We were offered samples of almost everything left in the fields. Great fun.
Drying pop corn, a tiny baby corn, and some of the various Chinese specialties
Apples are a big part of the farm with a couple dozen varieties
specifically selected to blend for hard cider. Much of this is marketed under the Belden Barns label,
along with estate wines.
Back at the house, we all enjoyed a Cobb Salad with the freshest ingredients imaginable. It really does make a difference.
Over the meal, we got a better sense of just how complex family farming can be - and how much labor. A handful of acres produce work, mostly work. Winter is for planning and raising starters in the greenhouse, then comes planting, new sections going in week by week so chefs can have a continuing supply. Harvest lasts from spring, through summer, into fall, each variety in its own time. Then, field crops are plowed under to mulch the soil and temporary cover crops are put in to feed soil microbes over the winter. No breaks.
"No breaks" also meant lunch was quick. Vince and Jenny had to return to the fields and Tom and Kathleen needed to get on the road to visit her sister an hour away. We all hugged, promised to get together again, and went on our ways.
Marianne and I decided we had not seen enough of Jack London Park the day before, so we headed back to Glen Ellen (on the better road Tom had originally suggested). Inside the park, we headed to Beauty Ranch, London's experiment with state-of-the-art ranching (like Vince and Jenny's farm operation?).
Even a hundred years ago, the key to farming in Sonoma County was water.
London experimented with heavy mobile tanks, but the wagons proved too heavy for use on the slopes.
He had seen cattle in Hawaii eating cactus, so he had a special spineless variety developed for his own herd. However, the cactus grew too slowly to keep up with hungry cows.
Eschewing mechanical tractors, London also raised Percheron work horses, housed in stylish stone barns. He developed processes for treating horse manure to fertilize his farm field. A hippie idealist before his time.
Fortunately, Jack London did have a lucrative day job to pay for everything. That work was carried out in the cottage at Beauty Ranch, our next stop.
There were two small buildings on the property when London bought Beauty Ranch.
They were expanded into "The Cottage" where he and Charlain lived and worked.
Guests were entertained in the separate kitchen/parlor building
and housed in rooms built above the carriage house. (Later destroyed by fire.)
Jack died in this garden-view porch in 1916
and Charlain did as well, many years later.
We stopped by the small gift shop and bought two more London books. Now, we have way more reading to do than we have time. Let's see.
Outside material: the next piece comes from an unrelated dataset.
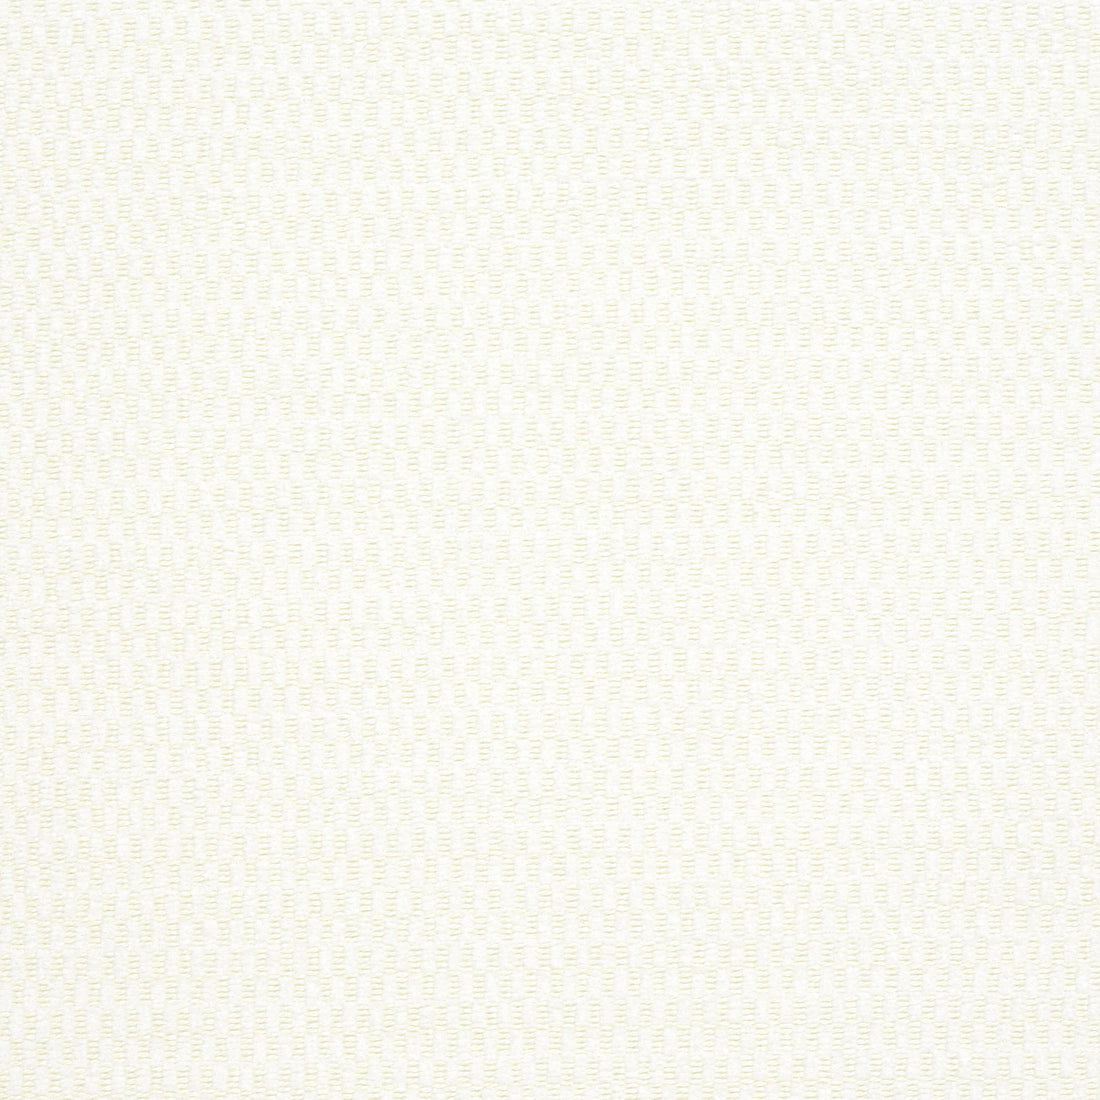 Block Texture fabric in snow white color - pattern number W74244 - by Thibaut in the Passage collection

Back in Glen Ellen, we stopped at the Jack London Saloon for a beer, non-alcoholic of course. Then we picked up paninis at the market and spread our evening snack by the lodge pool. A nice end of a nice farm and ranch day.
The Wednesday return trip was completely unremarkable, a short drive through Sonoma County two-lane roads and then three hours of freeways.
I don't know if we will come this way again, but maybe.